Data mining: The new weapon in the war on terrorism?

If the government is analyzing Americans’ phone records to discover and track terrorist networks — or ever plans to do so — the requisite technology would cost a lot of money, demand considerable computing power and raise privacy issues, observers say.

The possibility that the government is sifting through tens of millions of phone records came to the public’s attention earlier this month after USA Today reported that the National Security Agency had collected records from AT&T, Verizon and BellSouth. 数据挖掘实验室

Although it is unknown if the government is probing phone records for national security purposes, the possibility shines a spotlight on the potential benefits and drawbacks of a sophisticated technology that few people fully understand.

数据挖掘实验室

That technology is data mining, or extracting knowledge from a vast amount of data. The technique requires super fast computers and software capable of performing complex algorithms, experts say.

数据挖掘论坛

Nathan Hoskin, chief architect of Planning Systems, a data analysis and engineering systems developer, said the government would need supercomputers “on the scale of Blue Gene or Columbia — or you could also create what amounts to a supercomputer out of hundreds or thousands of regular PCs.”

The development of a data-mining system that could analyze U.S. phone data would cost somewhere in the range of $20 million to $50 million, added Hoskin, whose company has worked with federal agencies.
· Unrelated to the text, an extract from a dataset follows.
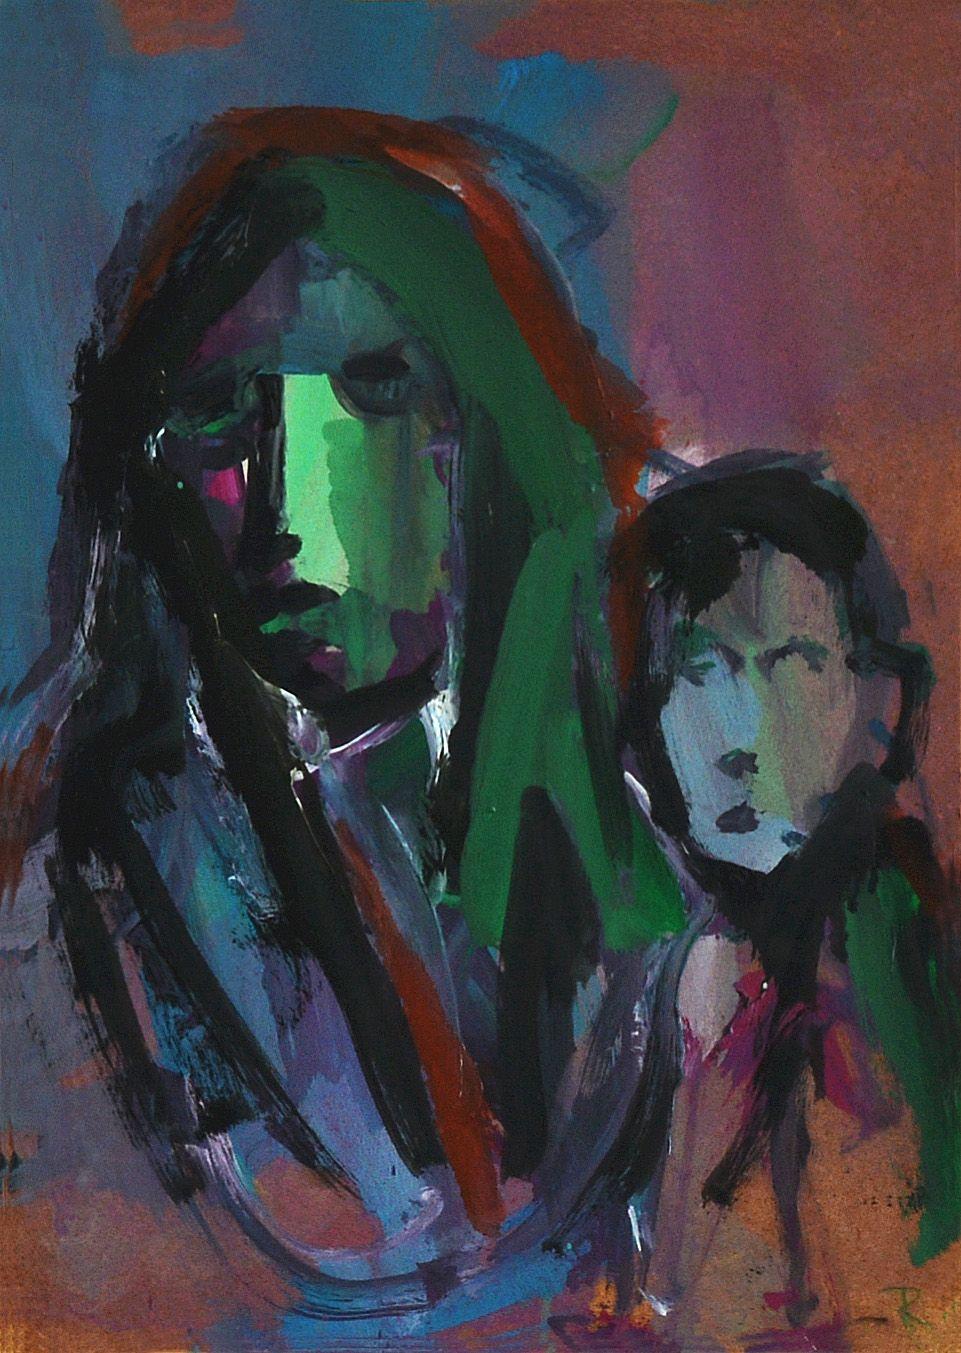 Sin título. Óleo sobre tabla. 40 x 27,5 cm. 2005. - Artista: Jorge Rando

If telecommunications companies hand over their records, three kinds of algorithms might be helpful in investigating potential terrorist cells: clustering algorithms, link analysis and association rule mining.

数据挖掘论坛

The first — clustering algorithms — focuses on pieces of data that are similar to one another. The second — link analysis — attempts to connect the dots among disparate datasets, such as terrorist conspirators scattered worldwide. 数据挖掘实验室

“Terrorists are smart enough to know that if ‘Al’ and ‘Joe’ are both known criminals, they can’t talk directly without attracting law enforcement’s attention,” said Hoskin, who has worked on data analysis and data-mining projects for corporations such as Equifax and Enron during his 25-year career. “With link analysis algorithms, you can start looking for common sets of paths [or] routes.” 数据挖掘实验室

For example, intelligence officials might be able to identify a terrorist cell leader by tracing call routes. The algorithm might show that a Texas-based terrorist who attacked a facility in Austin had previously communicated with a conspirator in Oklahoma City, who had spoken with a co-conspirator in Boston, who in turn had been in touch with someone in Spain, and on and on, until the call route stopped in Pakistan. Then the officials may target the Pakistani caller as a possible cell leader.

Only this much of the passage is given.